Day 1 will focus on the theme: Trends, Emerging Issues and Impact; and the Various Resistance, Challenges and Lessons in the women’s movements and sectors. Presentations and workshops will tackle the issues of:

  1. Migration, workers and the global economic crisis
  2. Climate change
  3. Corporate control on land and resources
  4. War and militarisation
  5. Ethnic and class conflicts
  6. Sexual and reproductive health and rights

Day 2 will revolve around Developing New Strategies and Alternatives for stronger regional and inter-regional unities of women’s organisations and movements.

Proponent

The Steering Committee (SC) of the Asian Rural Women’s Coalition (ARWC) is organising this activity and the Society for Rural Education and Development (SRED) as its local host in India.

The SC ARWC is composed of 12 member groups of national formations/alliances and regional organisations working on women’s issues on various fronts.
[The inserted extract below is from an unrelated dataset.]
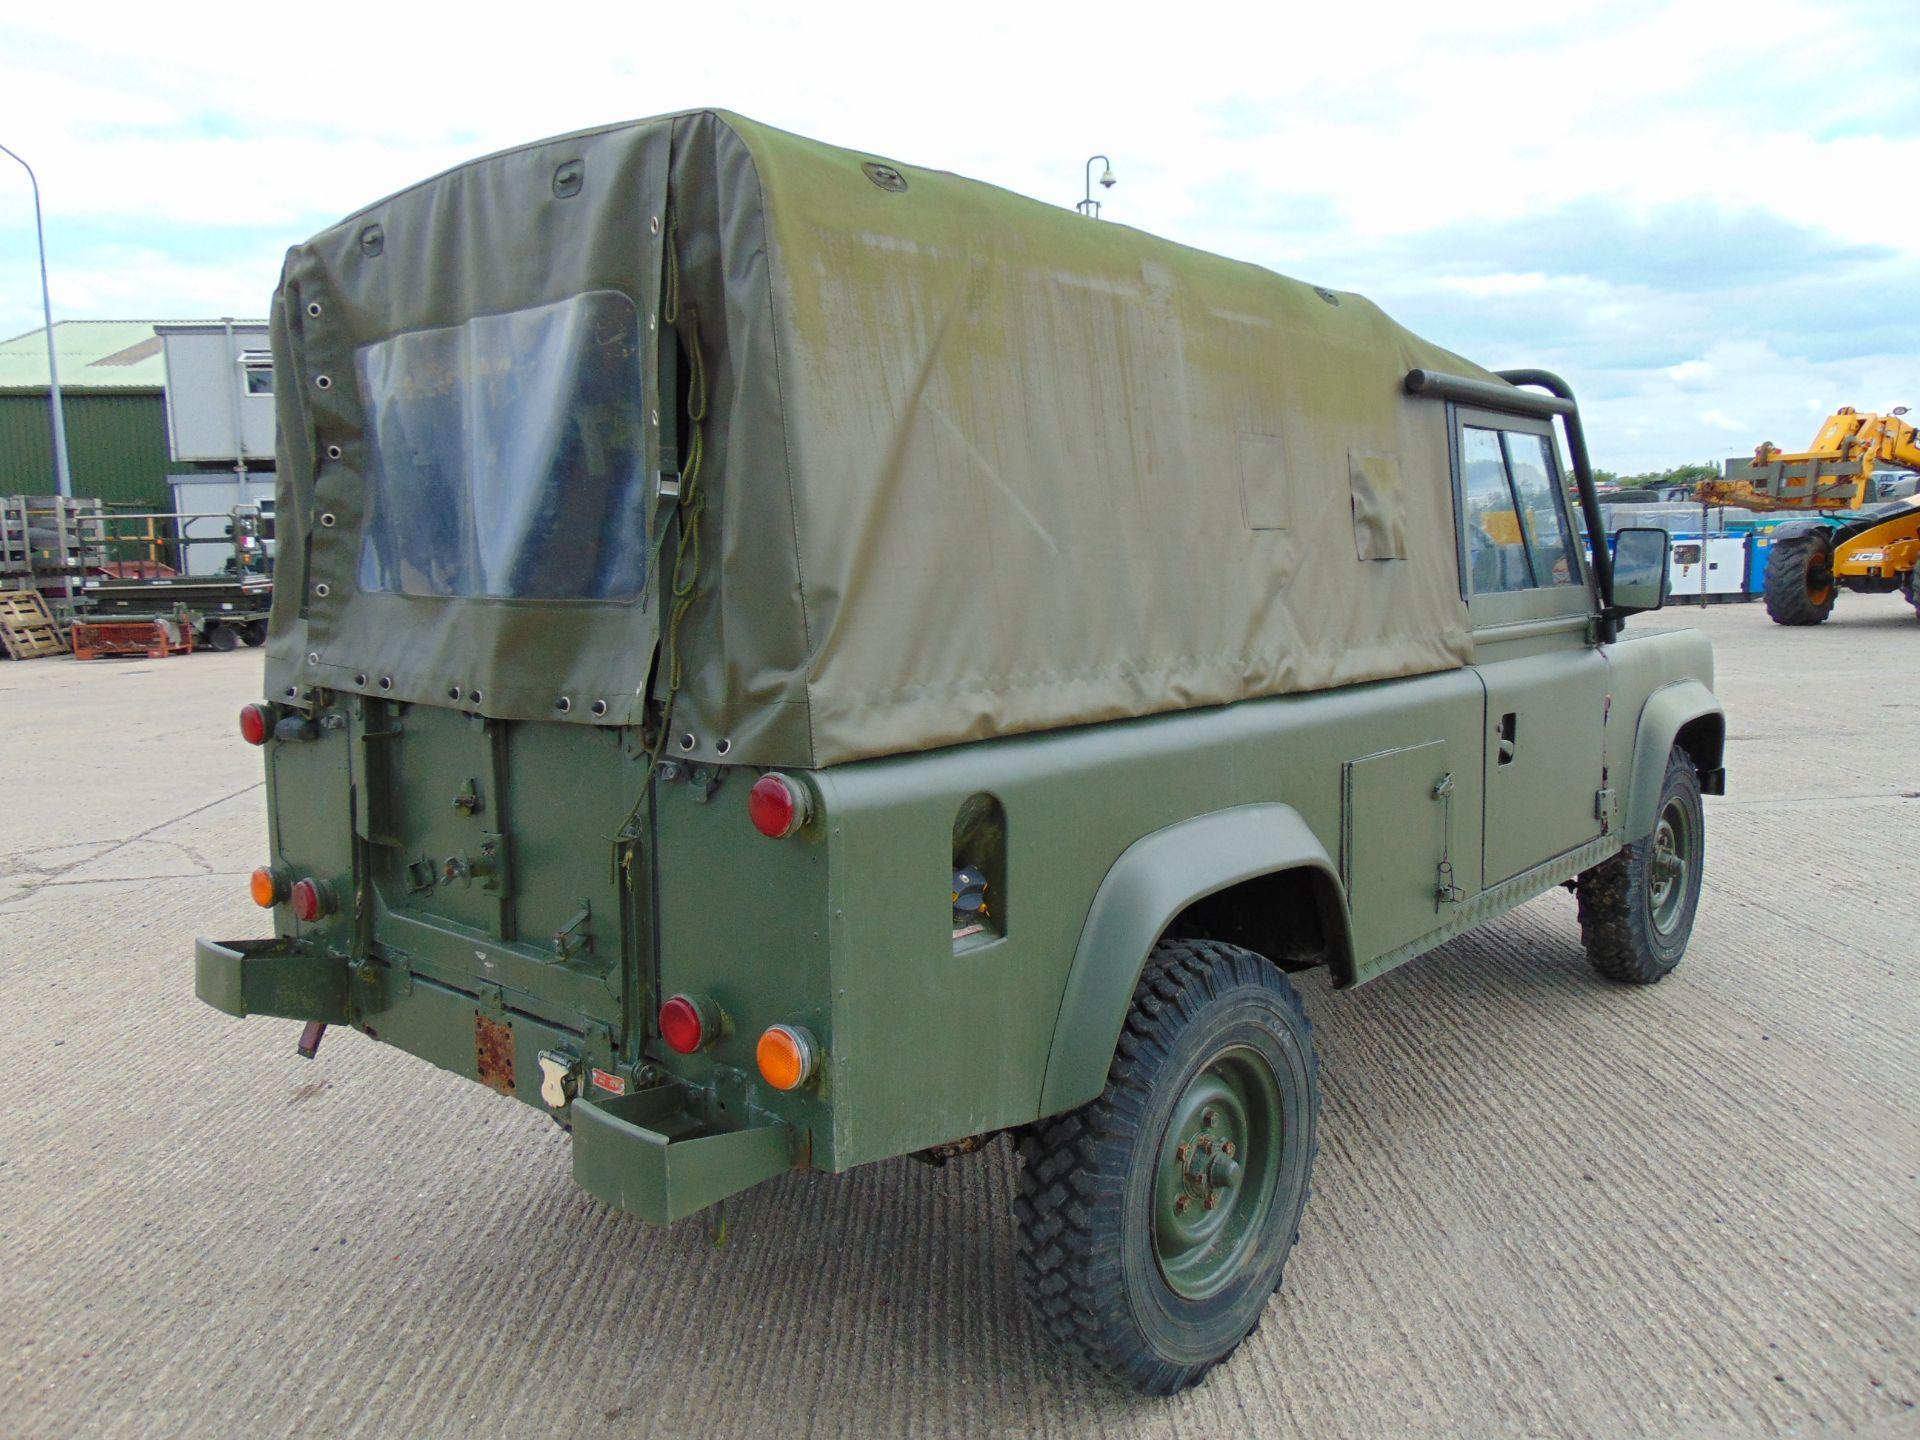 Lot 9 - Land Rover Defender TITHONUS 110 Soft Top

The SC members include national alliances: Tamil Nadu Women's Forum (TNWF) and Society for Rural Education and Development (SRED) in India; Tenaganita in Malaysia; Human Development Organization (HDO) in Sri Lanka; INNABUYOG and GABRIELA National Alliance of Women's Organization in the Philippines; and the All Nepal Women's Alliance (ANWA) in Nepal. Regional network include Asia Pacific Forum on Women, Law and Development (APWLD), Asian-Pacific Resource and Research Centre for Women (ARROW), Committee for Asian Women (CAW), Coordination of Action Research on AIDS and Mobility (CARAM Asia); the International Movement Against All Forms of Discrimination and Racism (IMADR) and Pesticide Action Network Asia and the Pacific (PAN AP).

For more information: Email: secretariat@asianruralwomen.net
www.asianruralwomen.net

 

_____________________________________

1 Liza Maza, “Moving Forward the Militant Global Women's Movement in the 21st Century”, Keynote Address at the Montreal International Women's Conference, August 13-15, 2010 (Canada).